DAS data were acquired using the OptaSense ODH-F interrogator unit in the quantitative mode. The obtained data represent the optical phase change at a sampling rate of 500 Hz. Data were acquired from OptaSense in a proprietary file format of 32 files, with individual file sizes of 10.7 gigabytes. They are decimated to 50 Hz with a low-pass antialiasing filter and exported to HDF5 file format using the OptaSense DxS software, where each file contains all DAS channels over a 1-min period.
The remainder of the data processing steps are completed using the following open-source Python modules: SciPy64, NumPy65, Pandas, H5Py, Obspy, Zarr, and Xarray66. The processed strain and strain-rate DAS datasets are saved using Xarrays containing appropriate metadata (time, channel, and coordinates) in NetCDF files corresponding to individual cable segments (six segments numbered in increasing order from west to east) with explanatory Jupyter notebooks detailing the following processing steps67:
The DAS data were decimated to 1 Hz following the application of a low-pass antialiasing filter.
Following decimation, the data arrays are reshaped, concatenating the one-minute files to incorporate the full data acquisition time period (~3 days).
The concatenated optical phase data are converted to strain using Eq. 1.
Strain measurements are obtained by subtracting subsequent samples from the initial sample at time 2021-01-12T11:38:10 for each DAS channel.

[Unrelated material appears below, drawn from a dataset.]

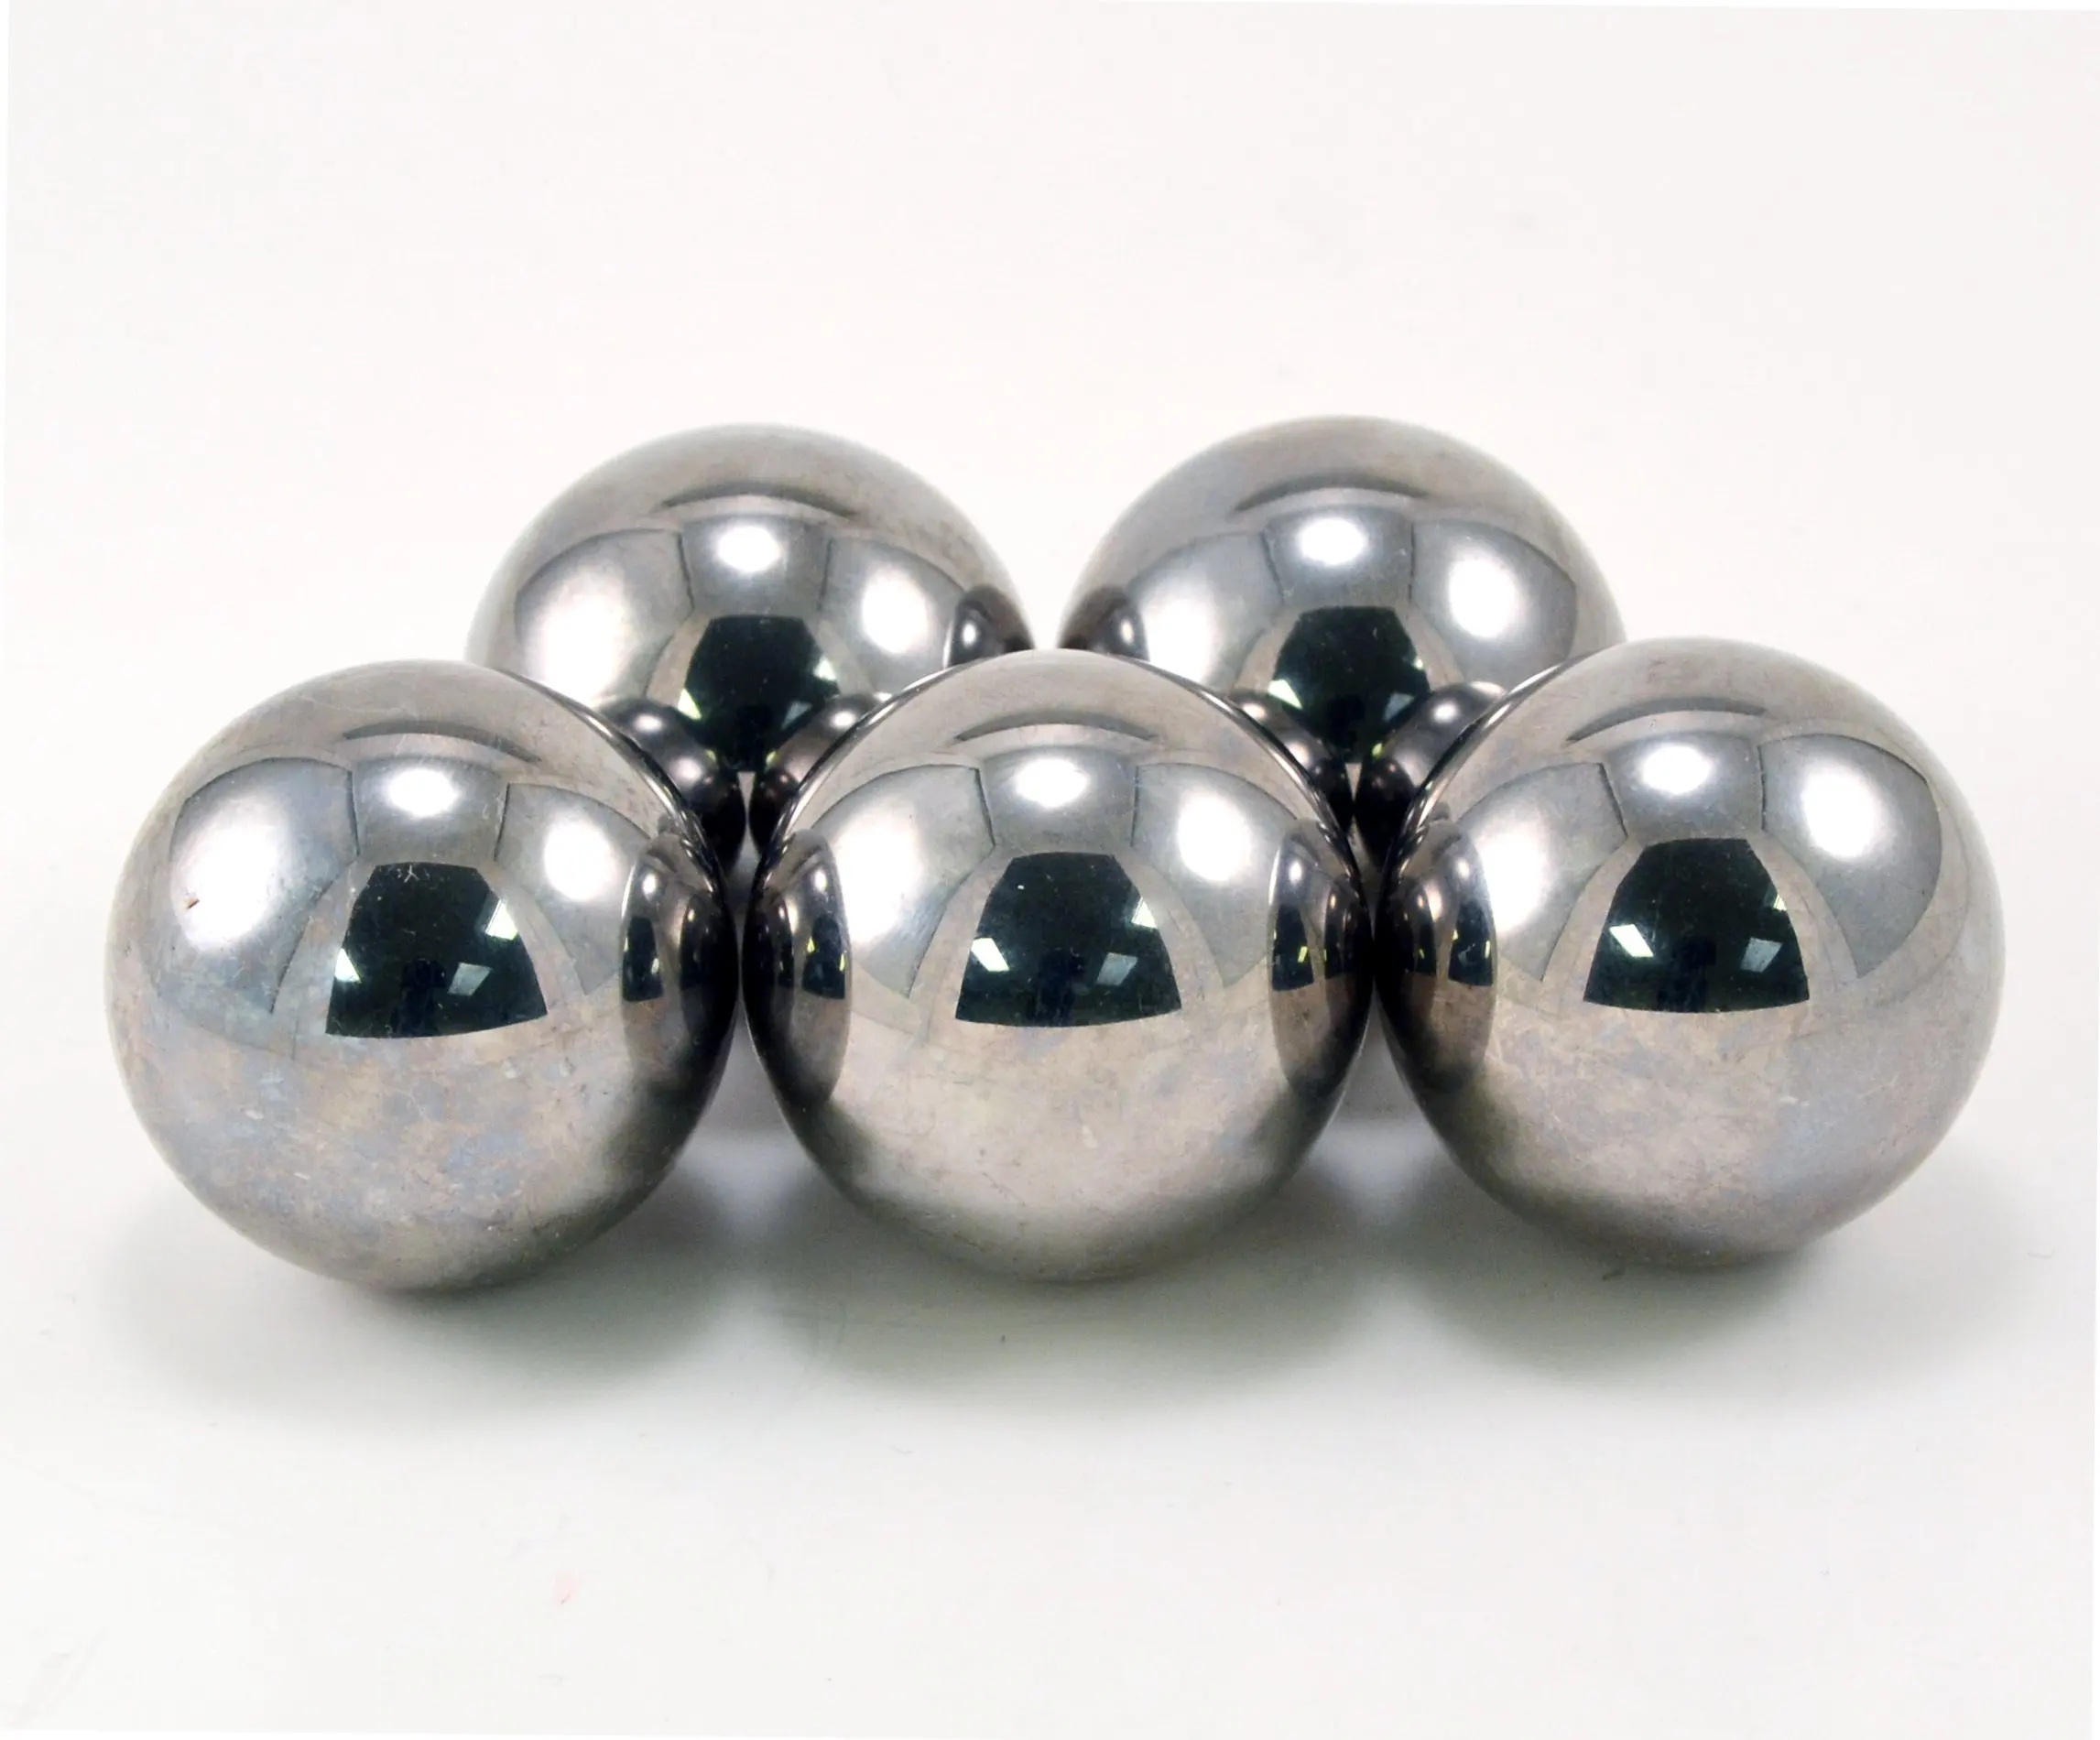 TEN 1-1/2 Inch Steel Balls for Monkey Fist Cores CAN BE DRILLED 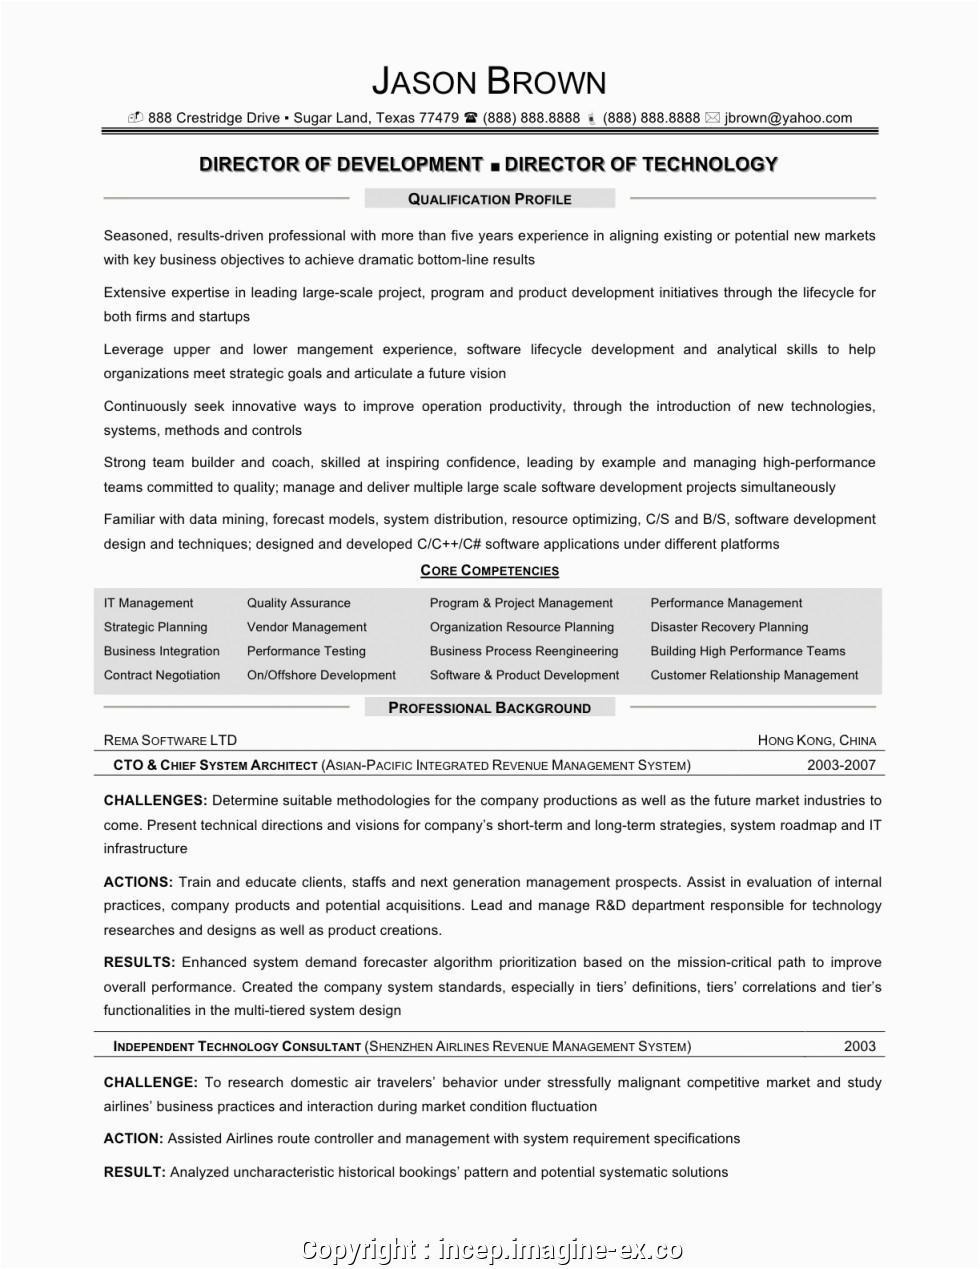 Director Of Information Technology Resume Sample Downloadable Information Technology Director Resume

No median filter is implemented on the strain data.
Strain-rate data were obtained by computing the temporal derivative of strain using the central differences method between consecutive samples (Eq. 3).
A 2D median filter is implemented on the strain-rate data, using a window size of three channels and 59 s, with zero padding on data extents.
Displacement and velocity data are inferred by integrating the strain and strain-rate data over the gauge length, respectively (Eqs. 2 and 4).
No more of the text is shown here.